• **Task directions**
Look below for the line that contains "A rare vintage" and the line that contains "This beautiful piece", then restate both of them and every line in between, exactly. No picture goes in the copy.

• **Record extracts**
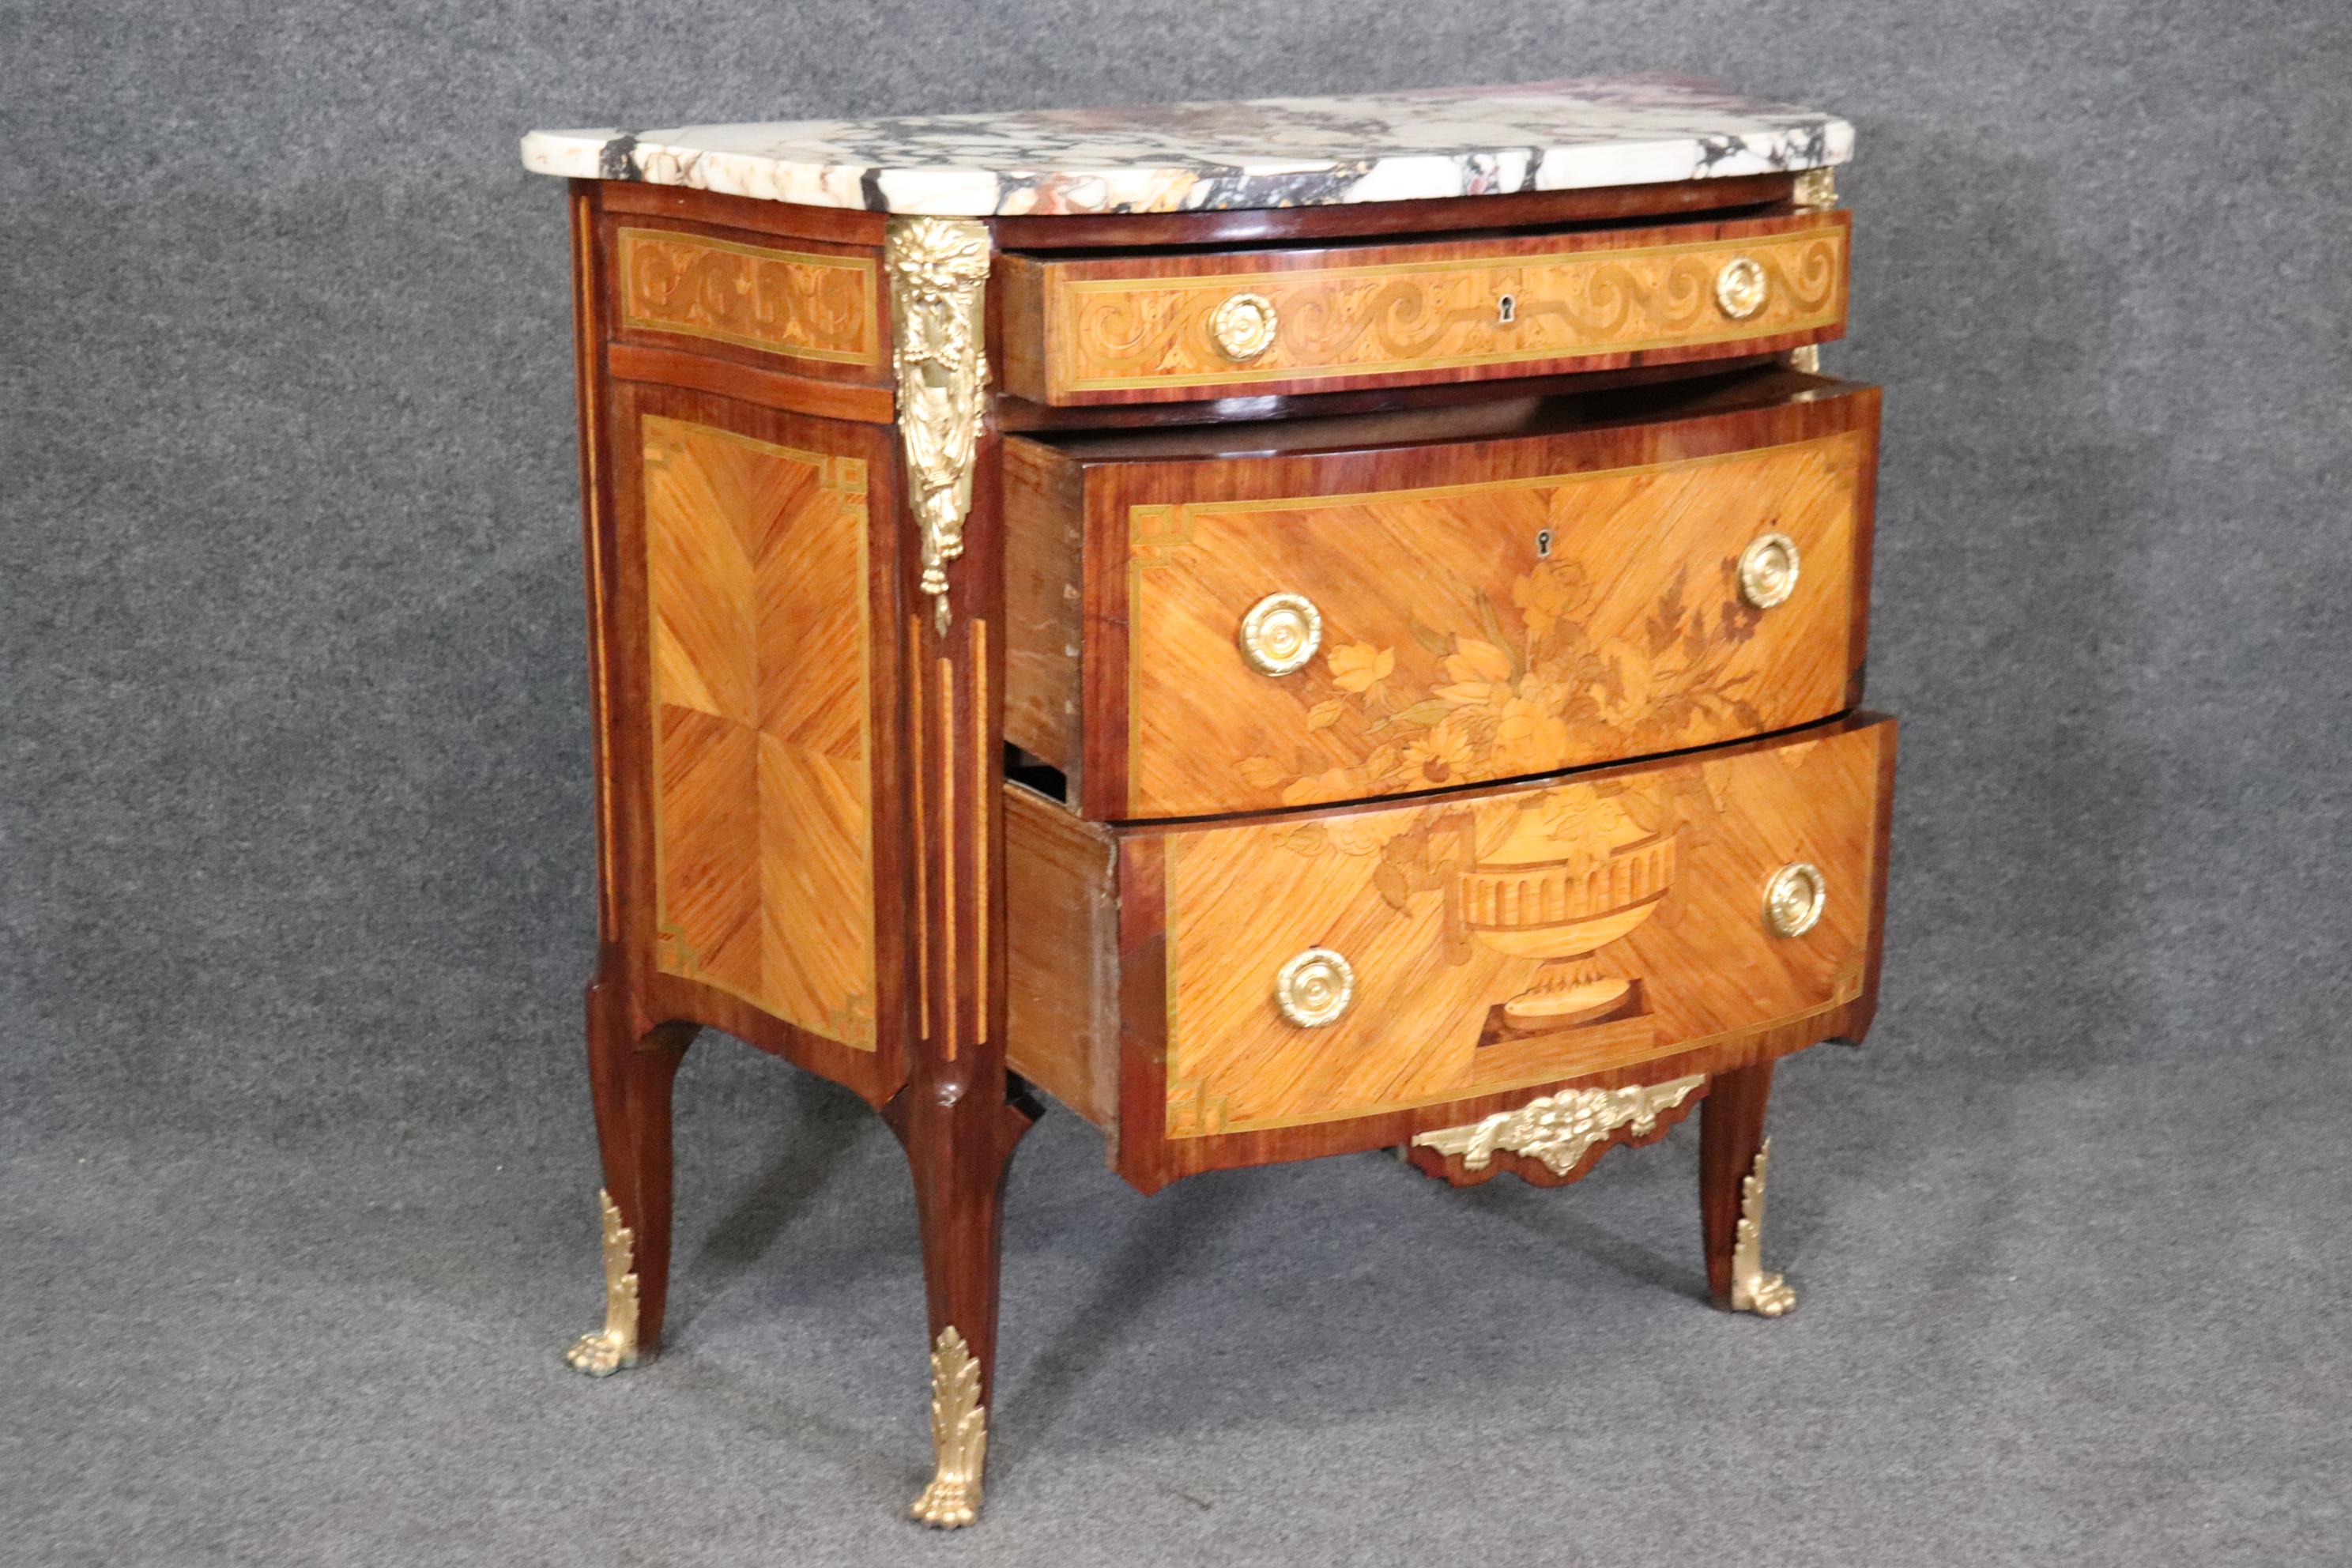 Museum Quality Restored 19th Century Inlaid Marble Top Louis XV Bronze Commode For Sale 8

...

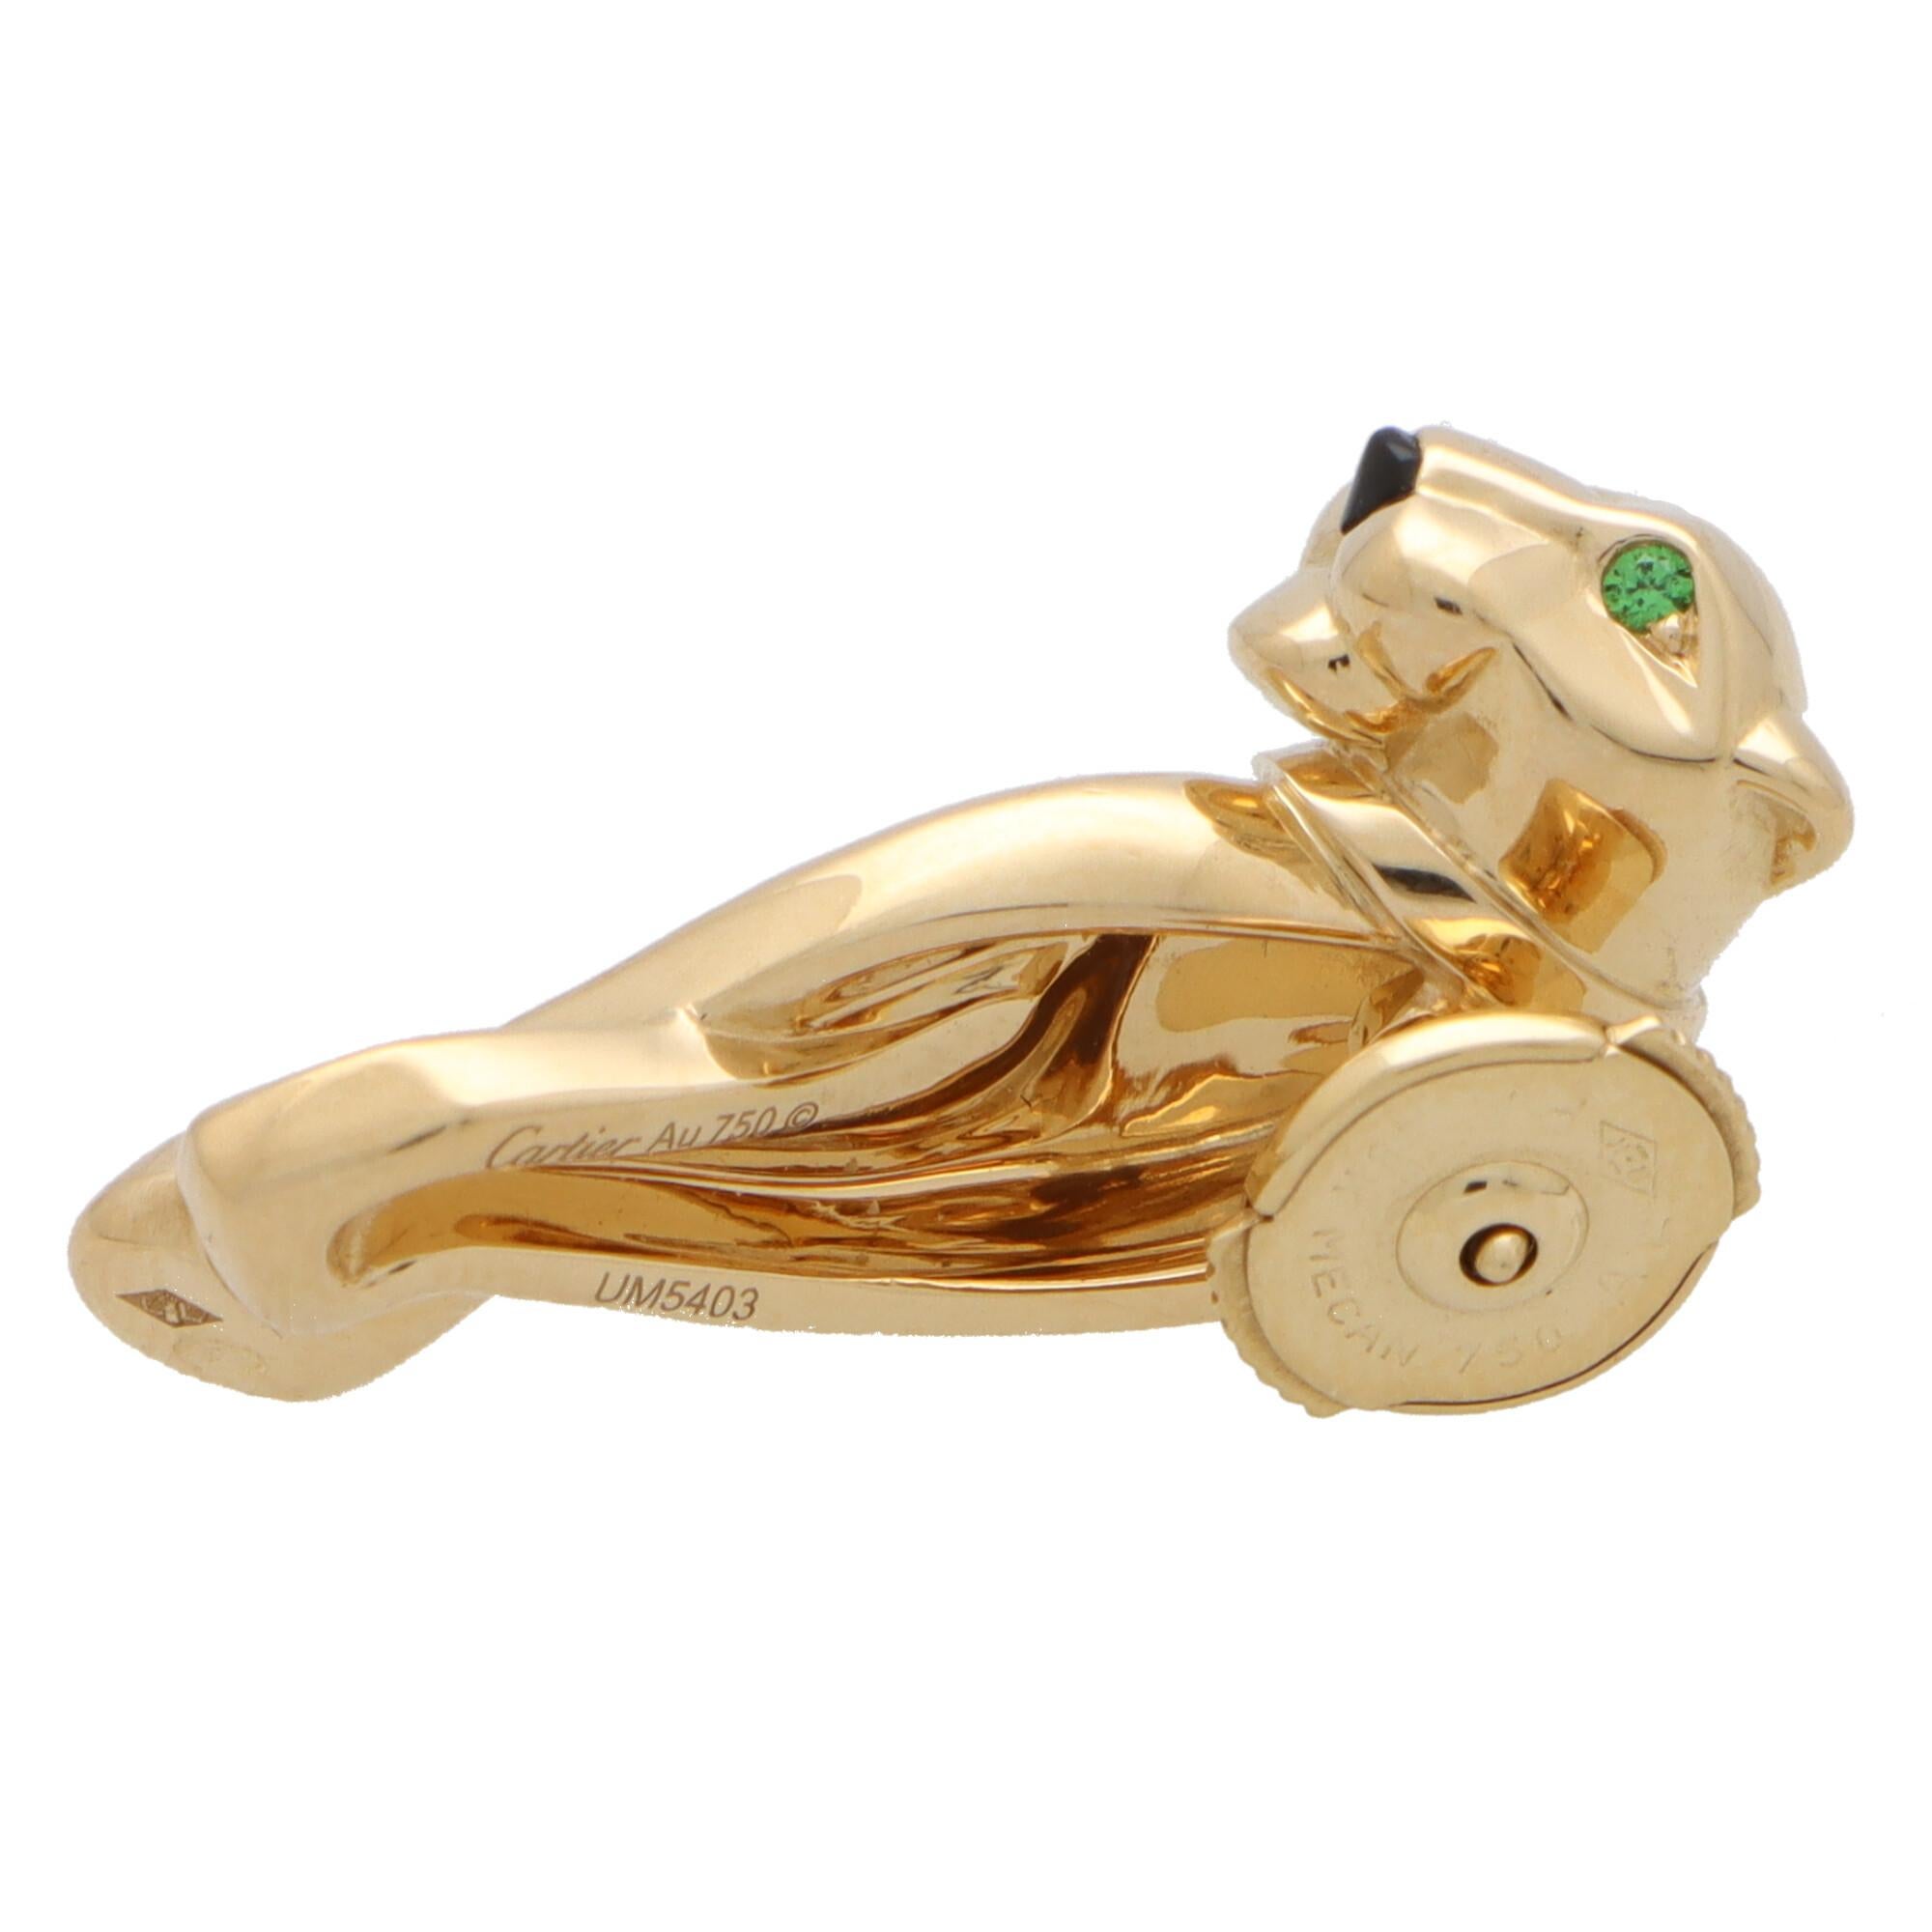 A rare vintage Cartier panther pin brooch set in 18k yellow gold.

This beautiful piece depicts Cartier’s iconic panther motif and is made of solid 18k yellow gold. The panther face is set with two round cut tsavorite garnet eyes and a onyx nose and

• **Response below**
 A rare vintage Cartier panther pin brooch set in 18k yellow gold.

This beautiful piece depicts Cartier’s iconic panther motif and is made of solid 18k yellow gold. The panther face is set with two round cut tsavorite garnet eyes and a onyx nose and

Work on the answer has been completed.